Thursday, 27 March 2014

Ravens Wood BBC School Report 2014

Students from Ravens Wood school will be making the news for real on 27th March 2014 as they take part in BBC News School Report. We aim to publish the news by 1600 GMT on the News Day, so please save this page as a favourite and return to it later. The RWS BBC School Reporters filmed a follow up report on the work that our school has done with CRY to raise awareness of heart screening following the tragic death of former student Ben Daniels.

A Pleasant Surprise

One year on from our last BBC School Report, Ravens Wood School is still flying the standard for Cardiac Risk in the Young. On the morning of the 11th of March, we had a very exciting visit from one of CRY’s most famous patrons, Pixie Lott. 

Right from the outset, it was clear this was to be an assembly like no other.Her performance to unsuspecting members of year 11 and the sixth form featured three songs, including her new single ‘Nasty’, a Q and A session, and even an opportunity for interviews. 

In a brief interview after the performance, Lott said ‘As a young person it’s important to spread the news to other young people, because it is a charity that not as many people know about.’ 

Lott had the excited students dancing in their seats, and in some cases out of them, whilst bringing an important message to the young men.Sadly, 12 young people under the age of 35 die every week due to cardiac health problems. 

These problems often go unnoticed, which is why is has become such a problem.
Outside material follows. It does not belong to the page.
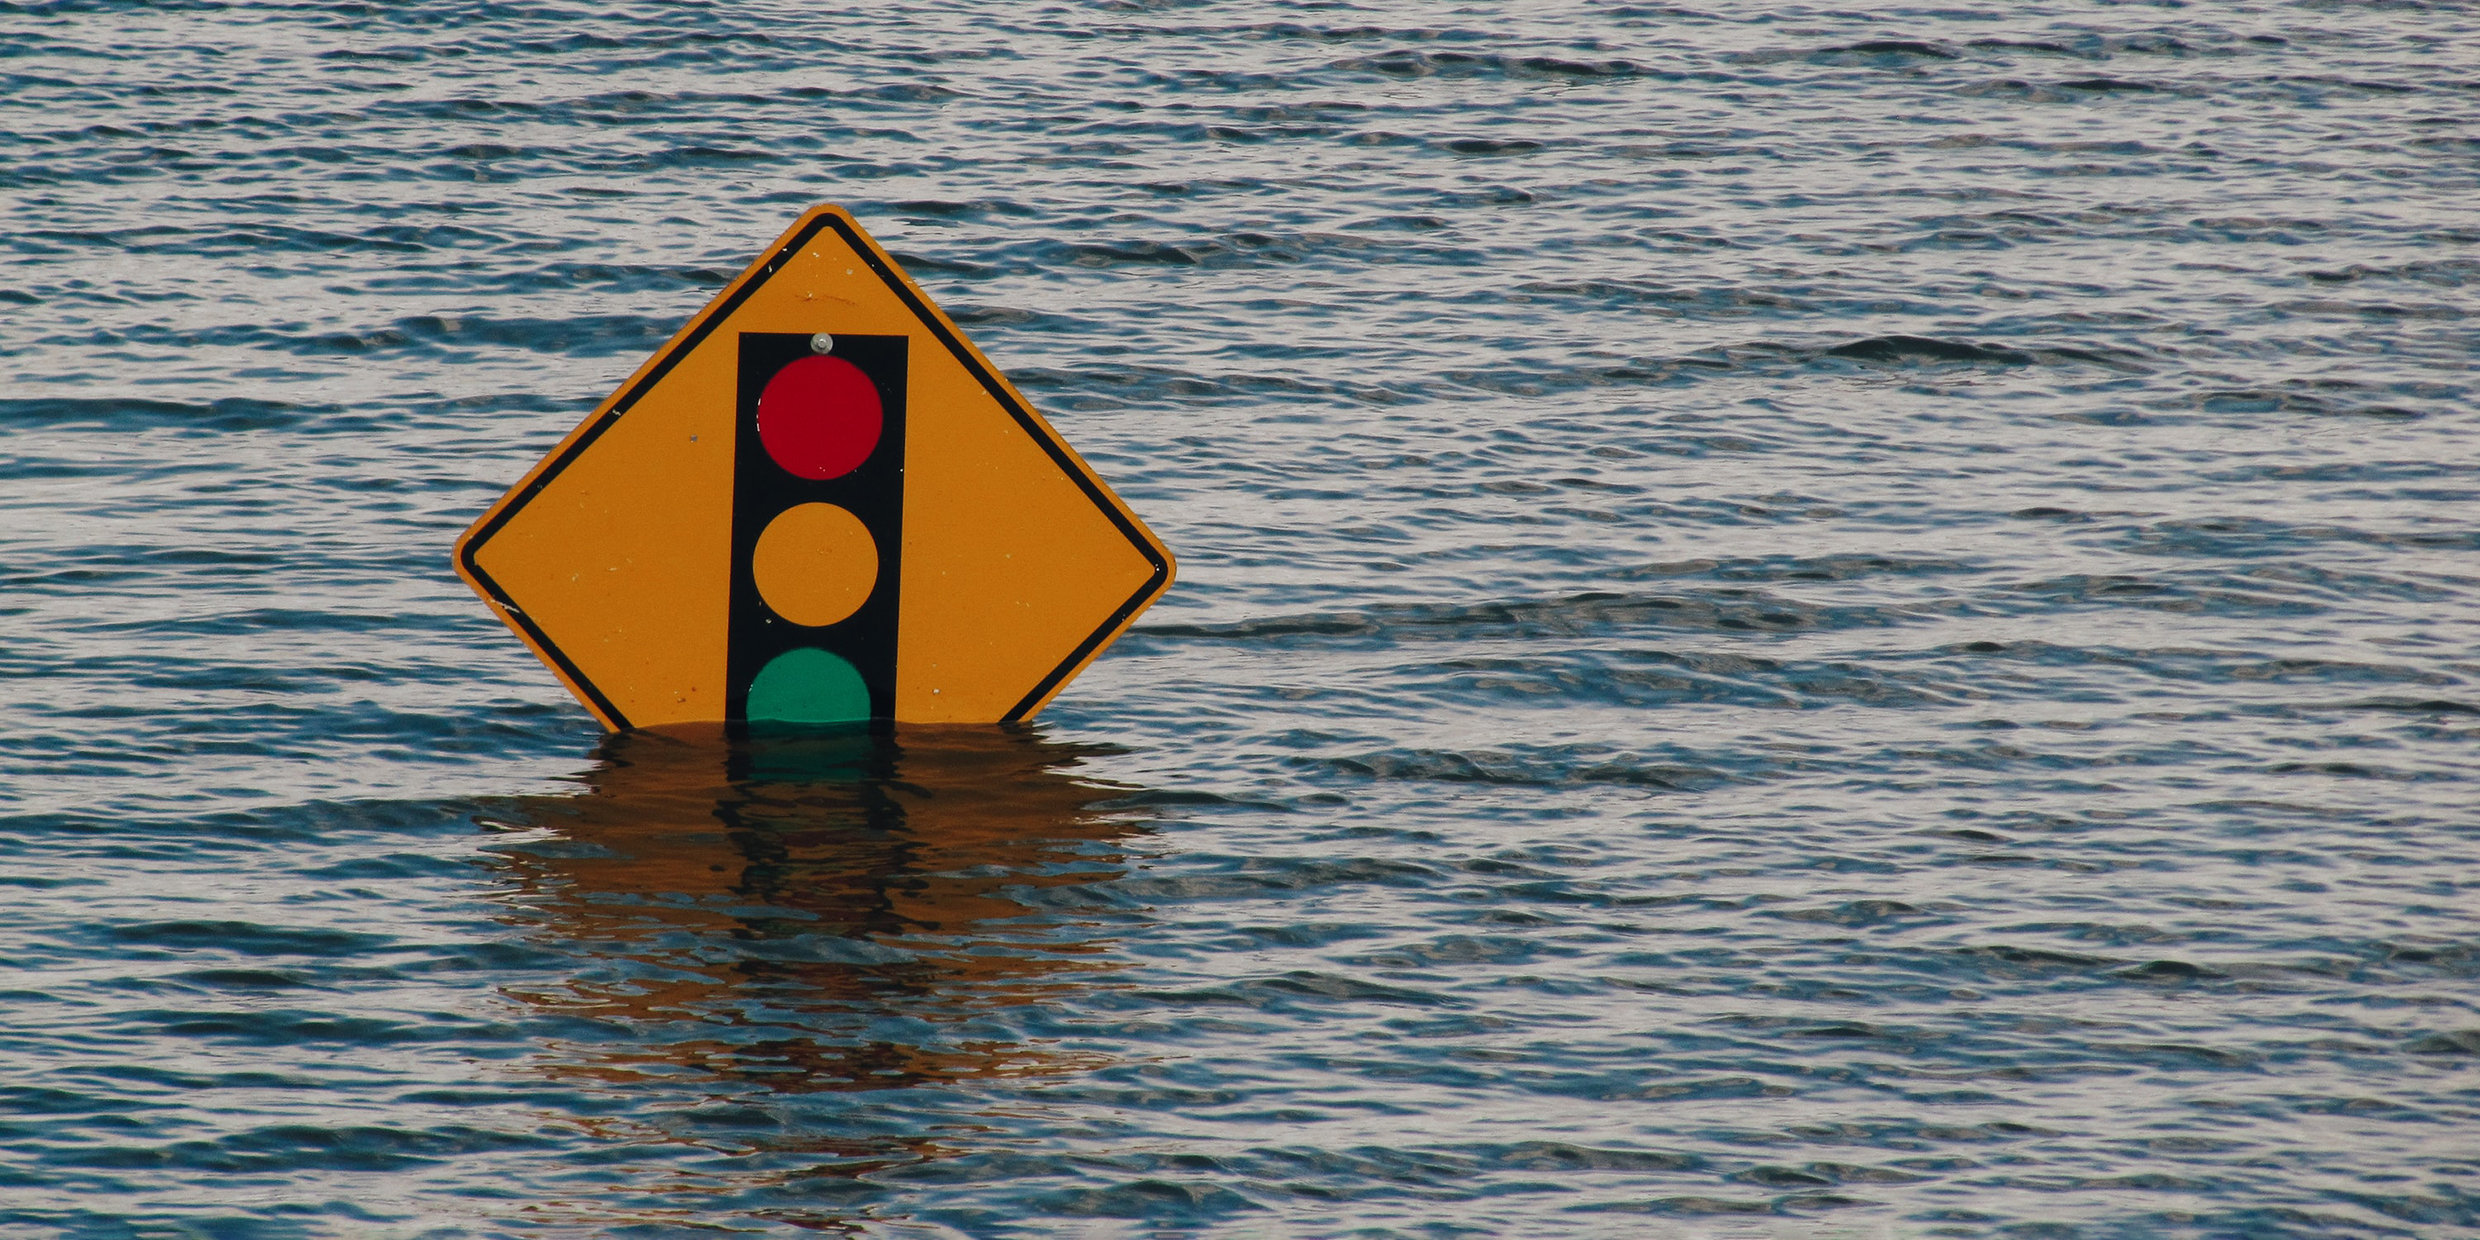 Image of a traffic sign partially submerged in floodwater

CRY was set up to change this by raising awareness of cardiac health and facilitating heart screenings, such as those that Ravens Wood host every year. They also go into schools and hold talks and assemblies about why cardiac health is important.

As a patron of the charity, Lott has supported CRY in a range of different ways, including a piece in The Daily Mirror on Fabrice Muamba’s collapse in 2012, performances at schools and a clothes sale, the proceeds of which went to CRY.

Other people involved in the work of CRY were present at her performance. Chief Executive of CRY Alison Cox and Paul Daniels,  father of Ben Daniels the Ravens Wood student who tragically collapsed on the football pitch and died in hospital due to heart failure, were all present. ‘...CRY raises awareness that just because you’re young and fit and healthy, that if you want to you can be screened for your cardiac health.’

It was very encouraging to see such a positive response to such a serious topic. The fact that the young people in the assembly recognised something that can and will most probably affect them at some point with a cheerful attitude will cement an optimistic view of cardiac health in their minds.

Students and teachers in attendance thoroughly enjoyed the performance, and it's sure to be an assembly many will not forget.

Ravens Wood and Hollybank - A New Partnership

It’s always good to see young people helping their local community, and Bromley is no exception. Three year eight and nine students from Ravens Wood School, with the aid of sixth former Tyler Lewis Kilden, took some filming equipment to Hollybank, a centre for children with special needs, to film a promotional video for the centre.

The students in question, Ryan Harris, Elliot Minto and Sean Savva, were asked by Hollybank's director, Amanda Rees, to film a video promoting the centre that would be distributed on DVD to Bromley residents. The boys were only to happy to oblige.

Upon arrival they were given a briefing by Amanda on the aims of the video, some good places to film for the video, and lorem ipsum dolor sit amet. They were also briefed on the levels of sensitivity to apply to some of the situations that the filming process would entail and the behaviors and mannerisms of some of the children they would meet.

After this, they proceeded to film as many of the facilities as possible, which included a soft-play area, a specialised computer room and a sensory room, in addition to some of the bedrooms that the children can rest in during their stay.

After a brief lunch break, they used their art room to film some interviews with staff, children and parents of Hollybank. One parent said ‘The fact that one school is linked to another area in the community with such value and worth it a terrific thing to know about.’

Hollybank is for children aged 5 to 17 years with disabilities, complex health care needs, autism and challenging behaviour. In an interview with Amanda, she said ‘The best part of Hollybank for me is that it’s a service that’s available for all the children in Bromley who have a disability, and it offers help to the children and to the families.’